Within the entries below, the lines from the one with "صورة واجهة برنامج" through the one with "Pear Drop Fragrance Oil - Aroma Energy" are to be set down exactly, both ends kept.
(Study material begins)
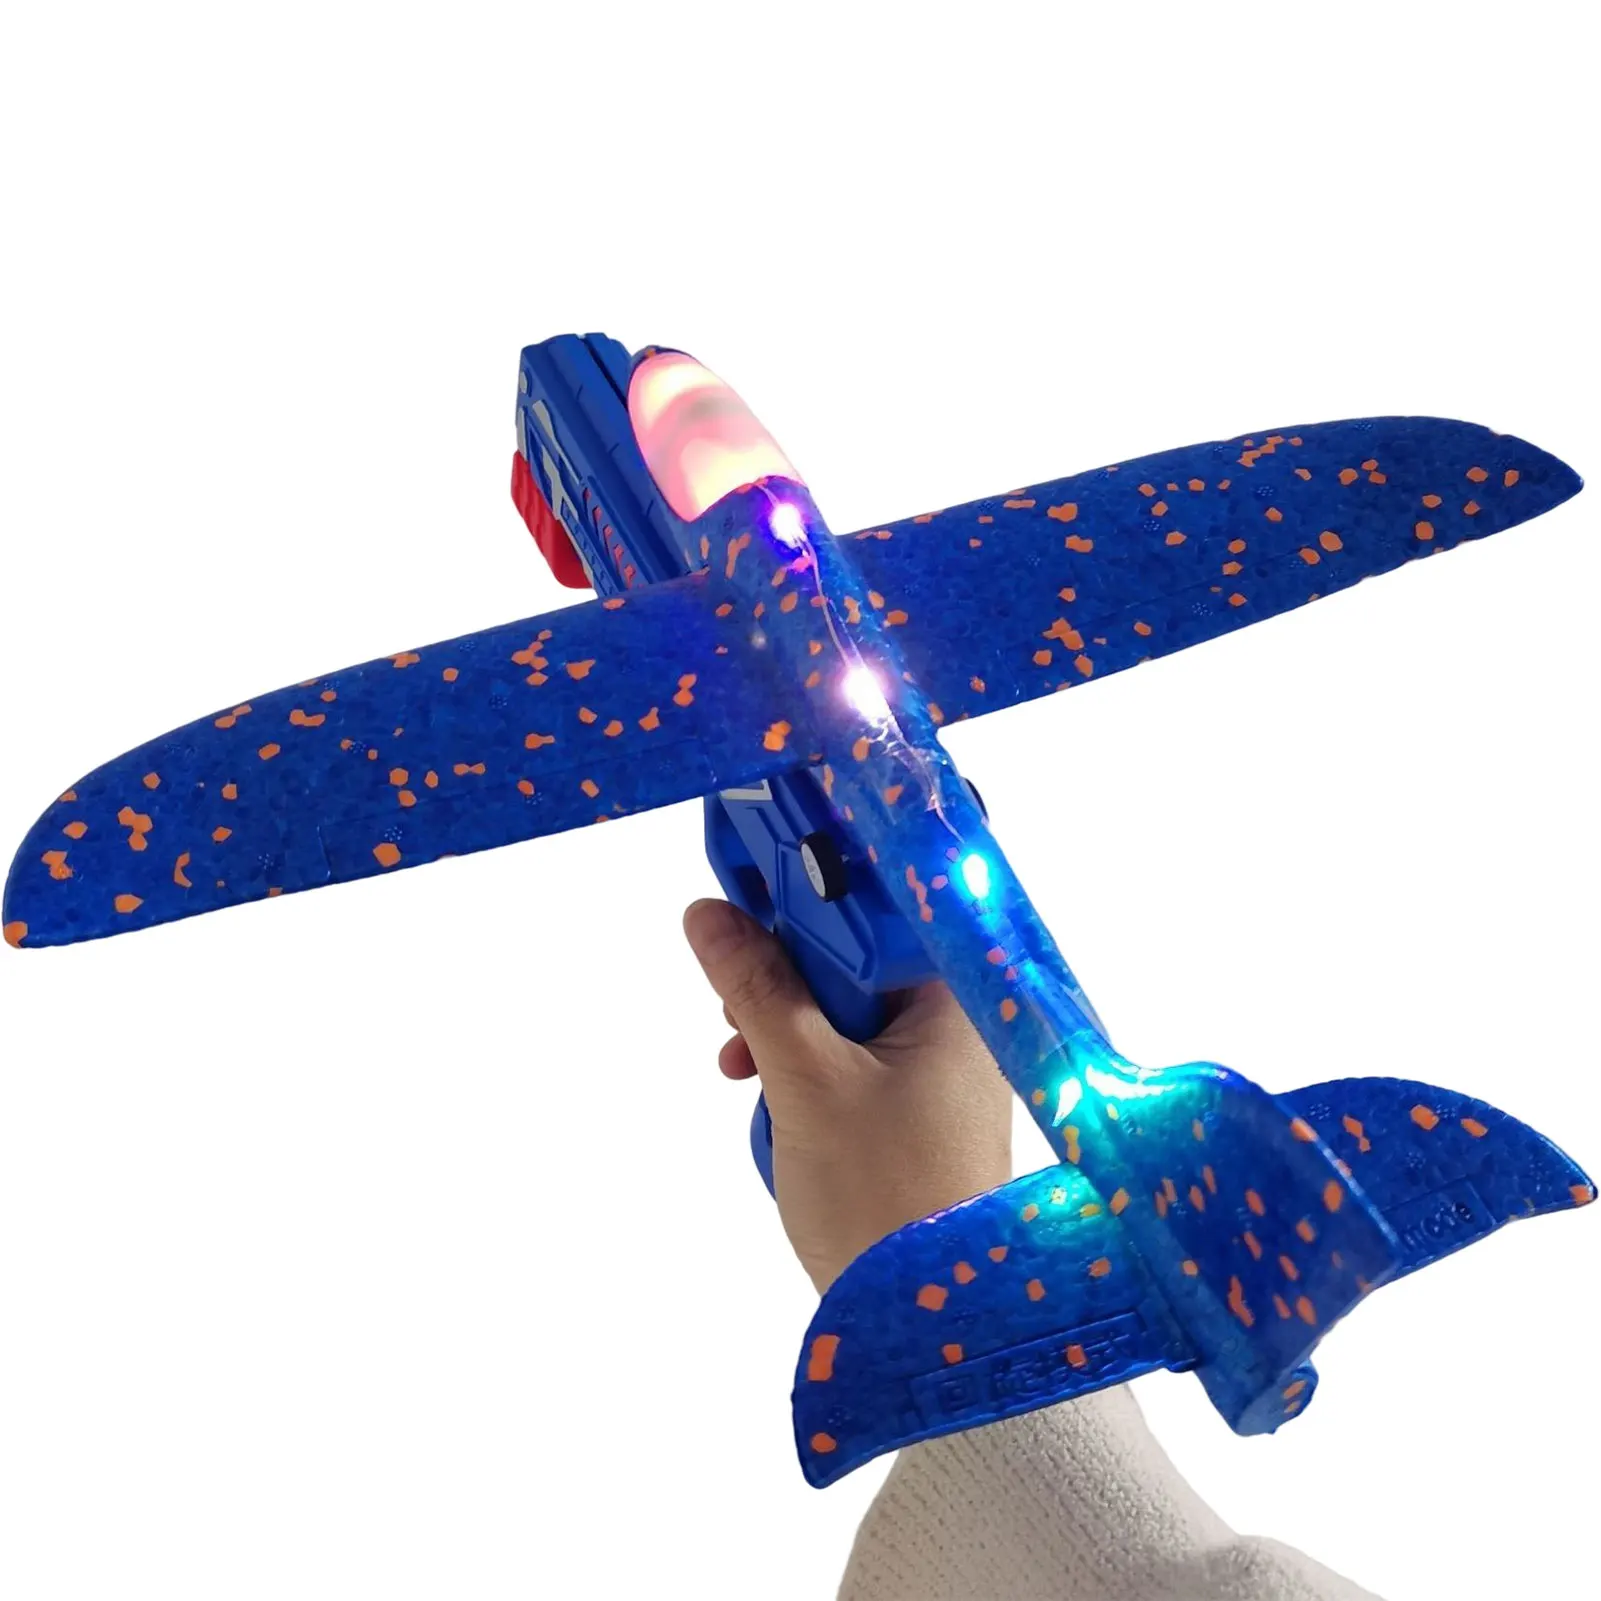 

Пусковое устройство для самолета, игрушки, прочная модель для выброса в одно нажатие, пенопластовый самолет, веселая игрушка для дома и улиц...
(Study material ends)
(Study material begins)
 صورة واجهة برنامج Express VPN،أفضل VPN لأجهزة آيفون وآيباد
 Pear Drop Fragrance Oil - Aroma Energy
(Study material ends)
Solution to this exercise:
 صورة واجهة برنامج Express VPN،أفضل VPN لأجهزة آيفون وآيباد
 Pear Drop Fragrance Oil - Aroma Energy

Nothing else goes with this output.